• Published 00:00 01.09.08
  • Latest update 00:00 01.09.08

Actress Helen Mirren: I gave up cocaine when I heard Nazi war criminal profited from it

Oscar-winner says she 'loved coke,' but then heard that Klaus Barbie lived off drug proceeds.

By Haaretz Service Tags: Jewish World Nazi

Oscar-winning British actress Helen Mirren has said she used to love cocaine, but stopped taking the drug after learning that a Nazi war criminal profited from the trade, according to GQ magazine.

The 63-year-old, who won an Academy Award for her role in The Queen, was quoted by the magazine as saying she used to dabble in marijuana and cocaine when she was younger.

"I loved coke. I never did a lot, just a little bit at parties," Mirren was quoted as telling the magazine in an interview, which was made available to the media Monday.

"But what ended it for me was when they caught (Nazi war criminal) Klaus Barbie, the Butcher of Lyon, in the early 80s. He was hiding in South America and living off the proceeds of being a cocaine baron.

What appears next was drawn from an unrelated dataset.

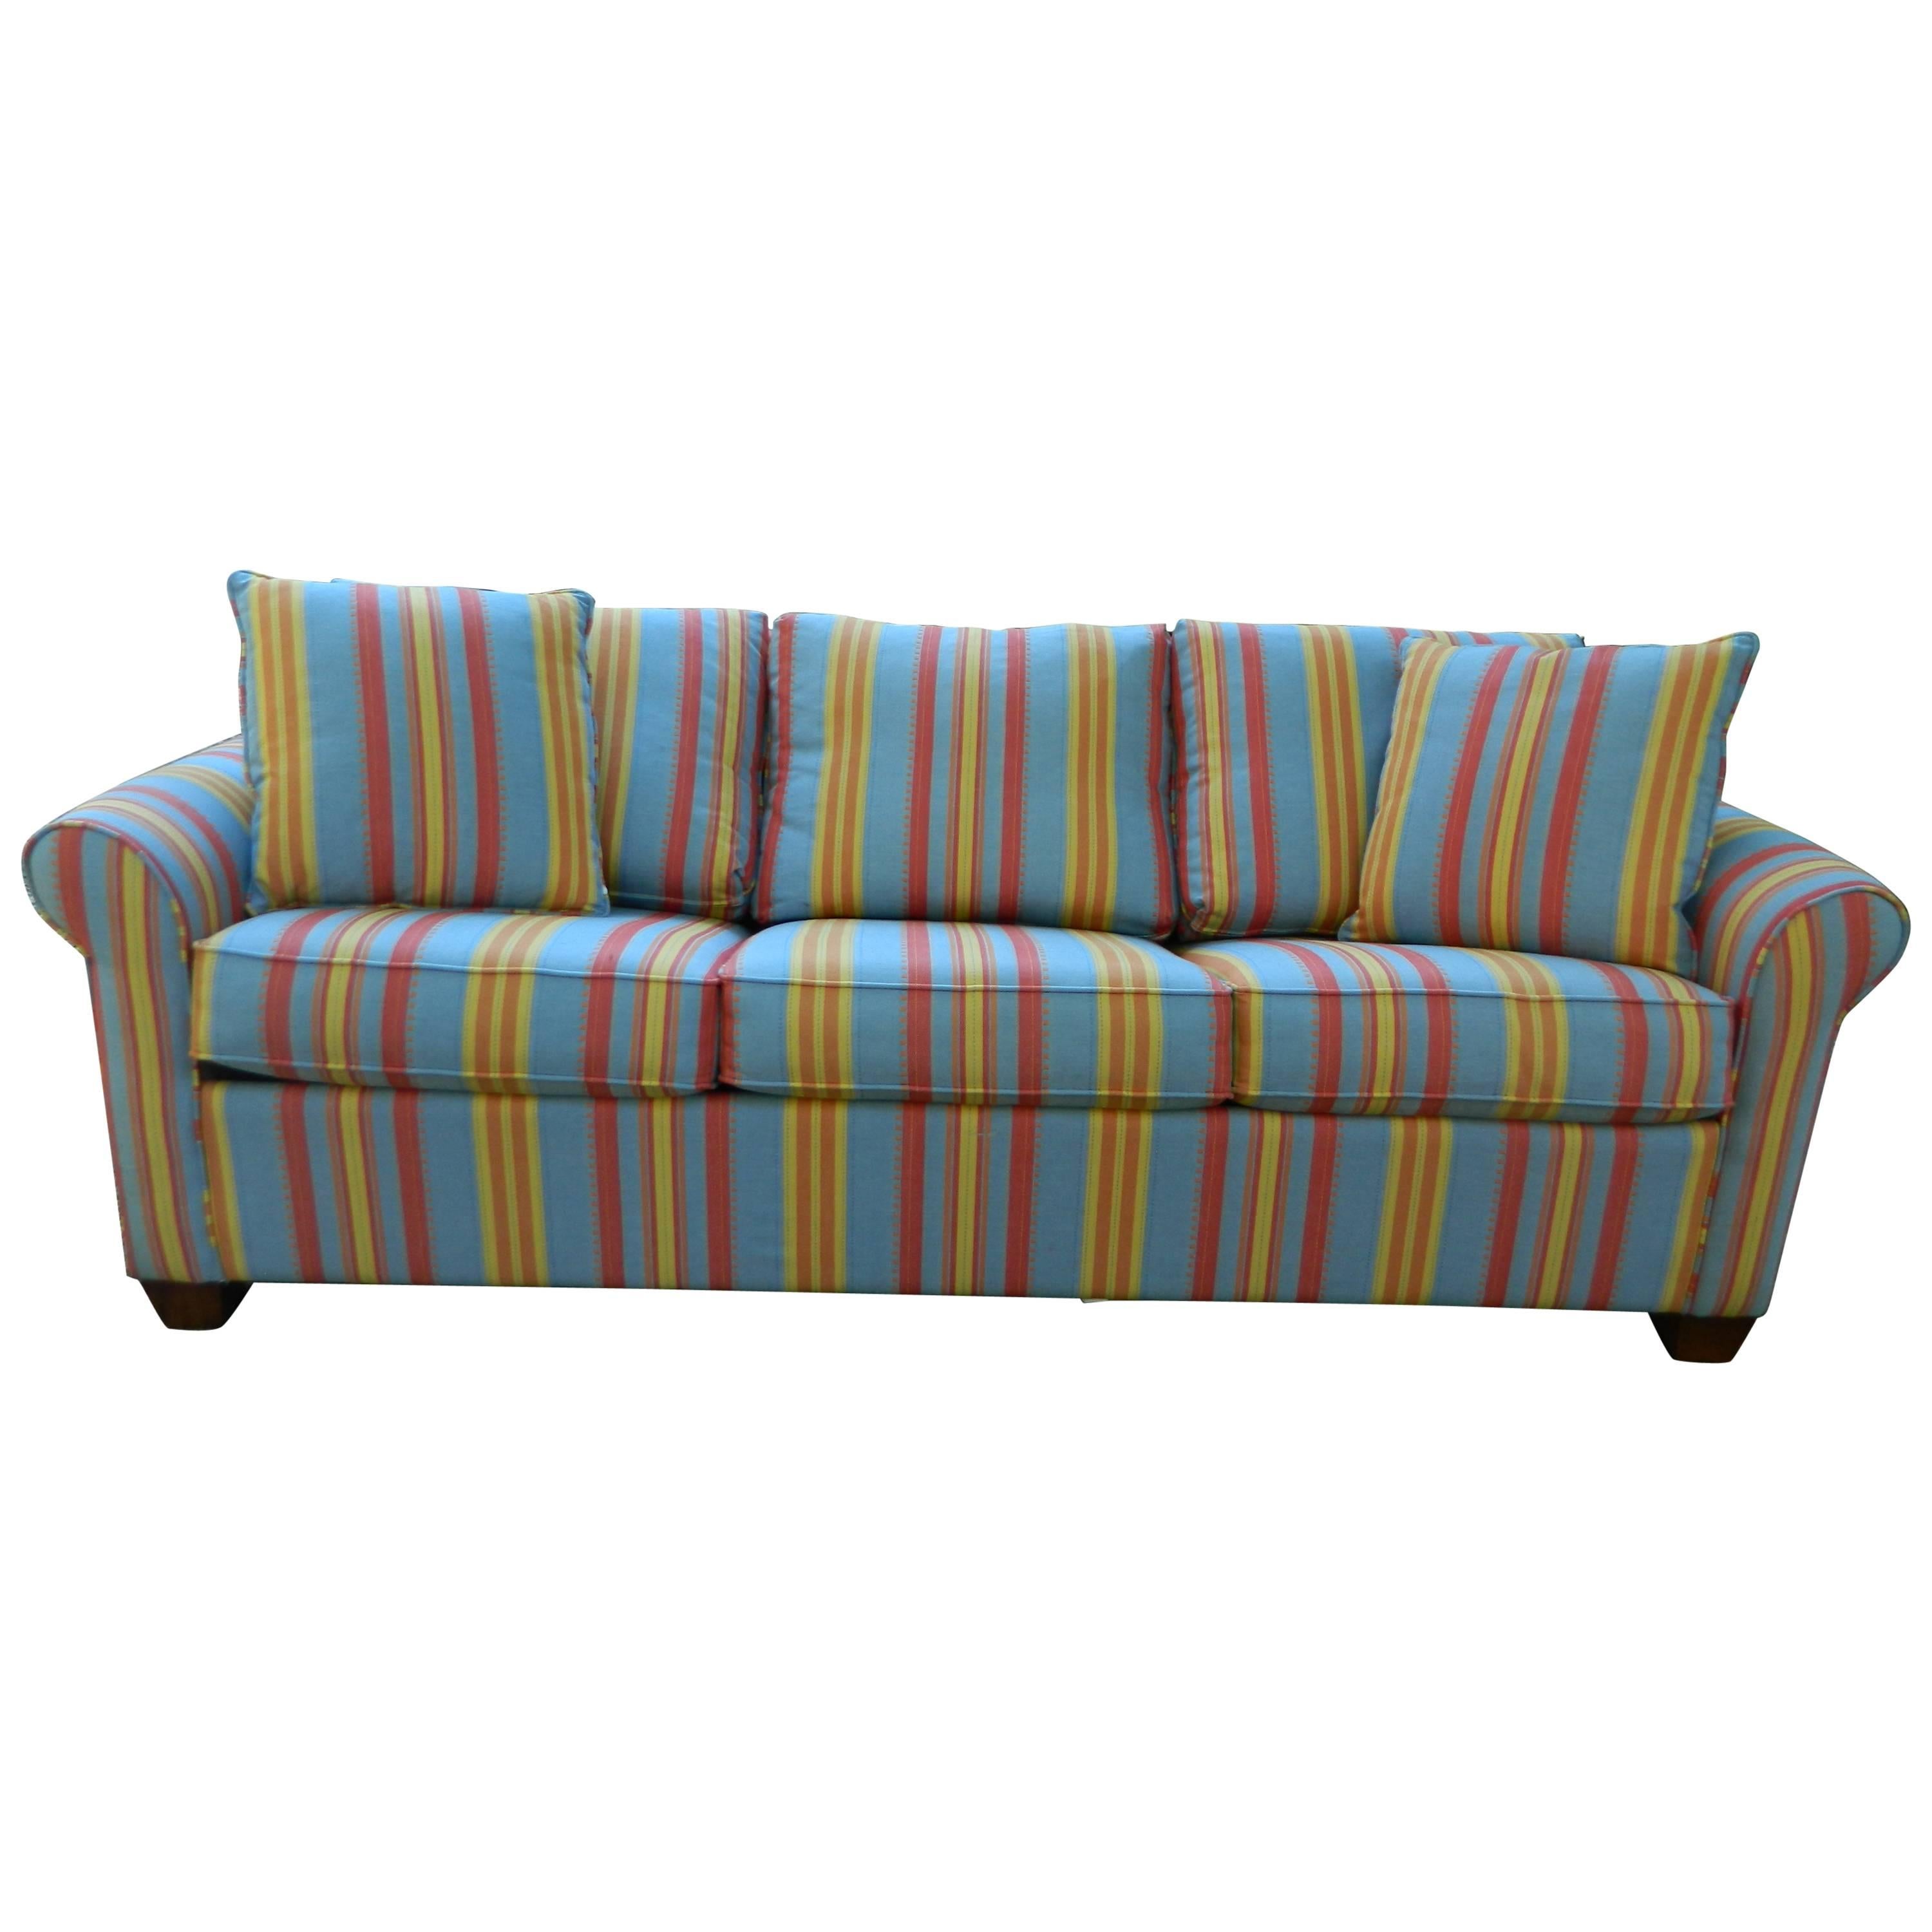 Upholstered Sofa Bed in a Multi-Color Stripe Fabric, 20th Century

"And I read that in the paper, and all the cards fell into place, and I saw how my little sniff of cocaine at a party had an absolute direct route to this ... horrible man in South America," she was quoted as saying.

As head of the Gestapo in the French city of Lyon, Barbie personally tortured prisoners and was blamed for the deaths of some 4,000 people. After the war he lived in Bolivia for decades. In the 1980s he was extradicted to France, and put on trial in Lyon in 1987. Sentenced to life imprisonment for crimes against humanity, he died in jail in Lyon of leukemia four years later, at the age of 77.

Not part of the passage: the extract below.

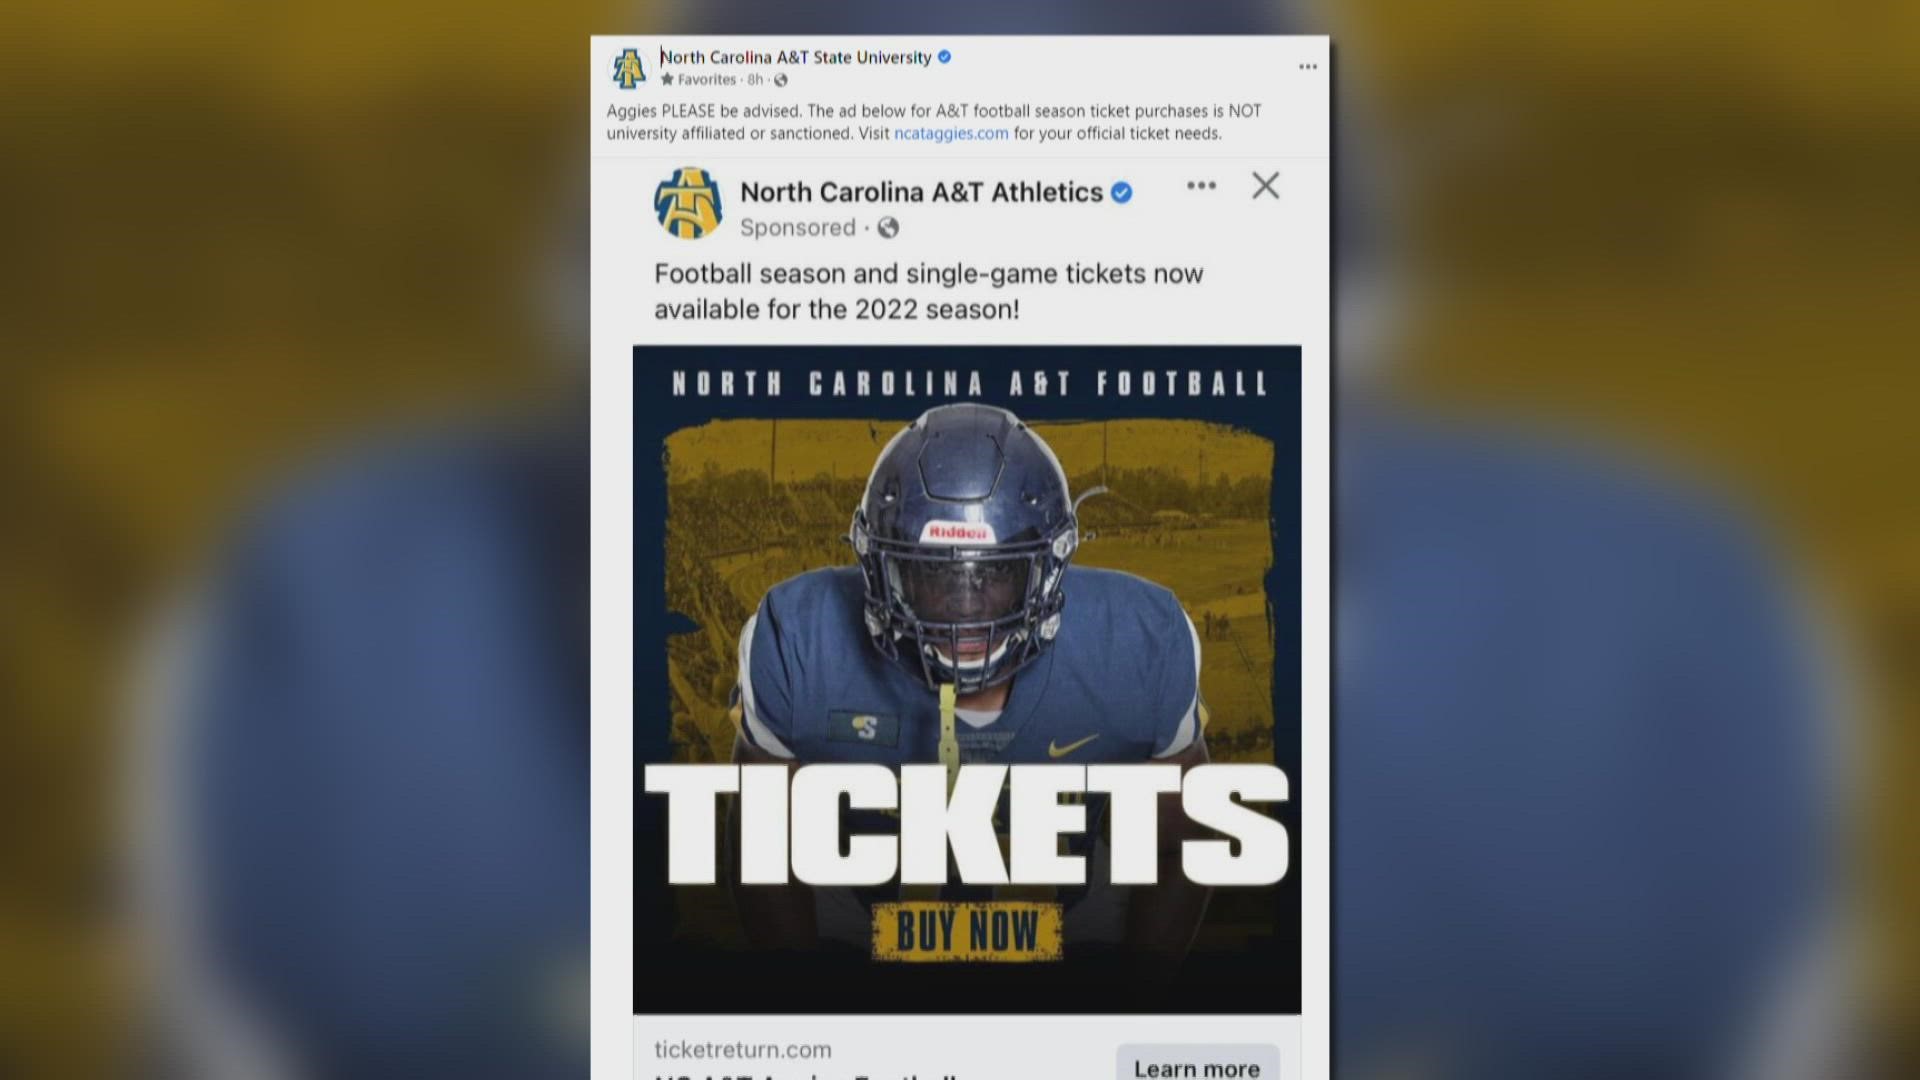 The university said a sponsored post claims to sell football tickets, but it is a fraud.

A fan of the QueenMirren also reportedly said she used to steal during what she described as a very poor youth.

"I needed to shoplift for food," she reportedly said, adding that while she enjoyed the accoutrements of movie star life she still had frugal instincts, cutting her own hair and wearing dollar-store glasses.

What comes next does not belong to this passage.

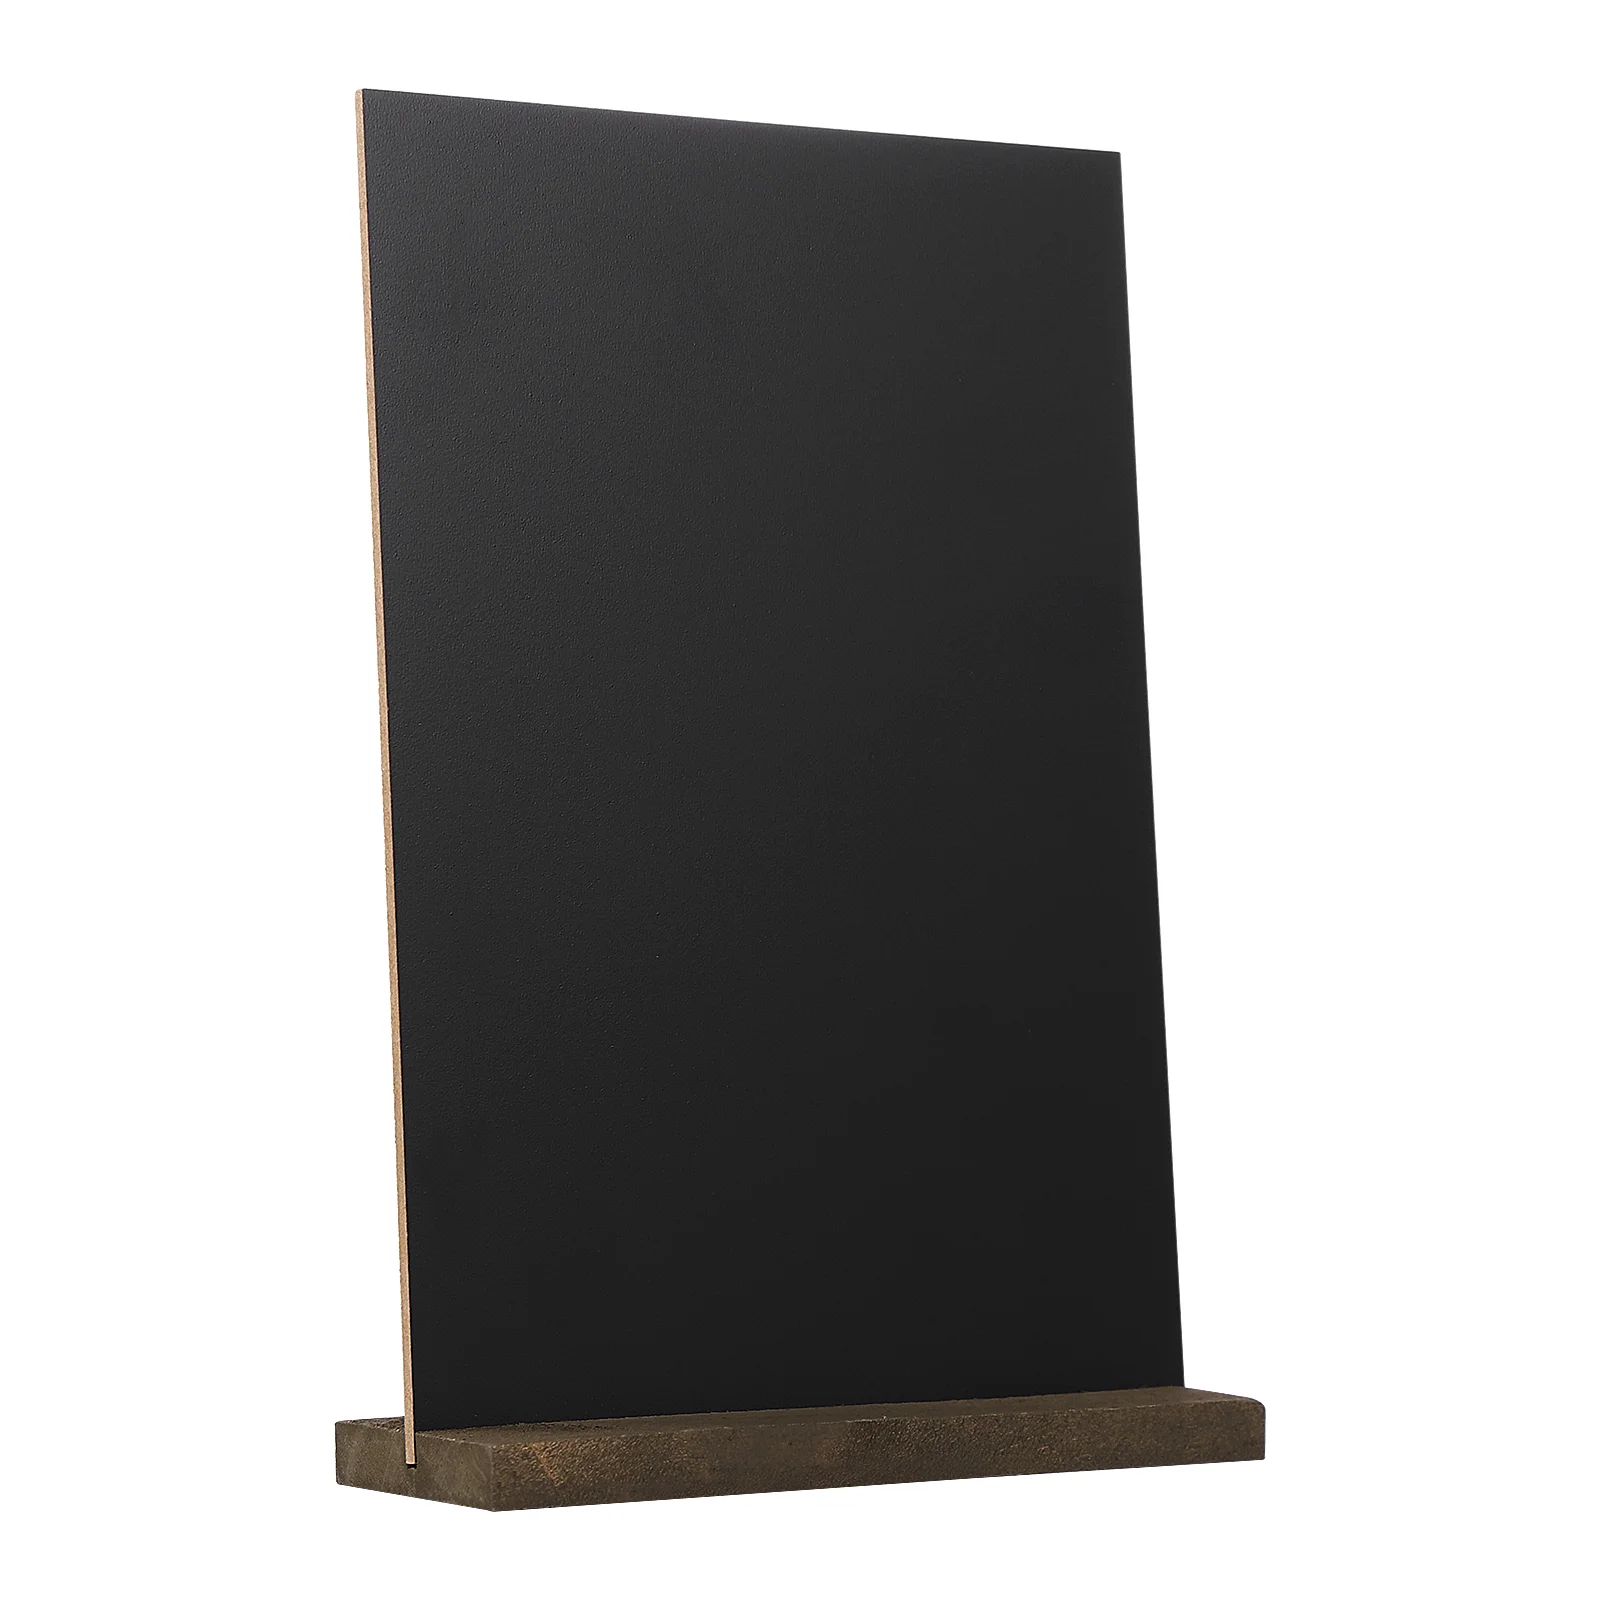 

VOSAREA Mini Chalk Board Sign Tabletop Double Sided Chalkboard Display Sign with Wood Base Message Board for Wedding Billboard

Mirren said she was not a royalist but had become a fan of Queen Elizabeth II since playing her in The Queen.

"It's a miracle she's never gone mad," Mirren was quoted as saying. "She is a remarkable person, who has achieved an amazing thing with a life she neither chose for herself, nor particularly wanted."

Mirren's interview is carried in the British edition of GQ, which goes on sale Thursday.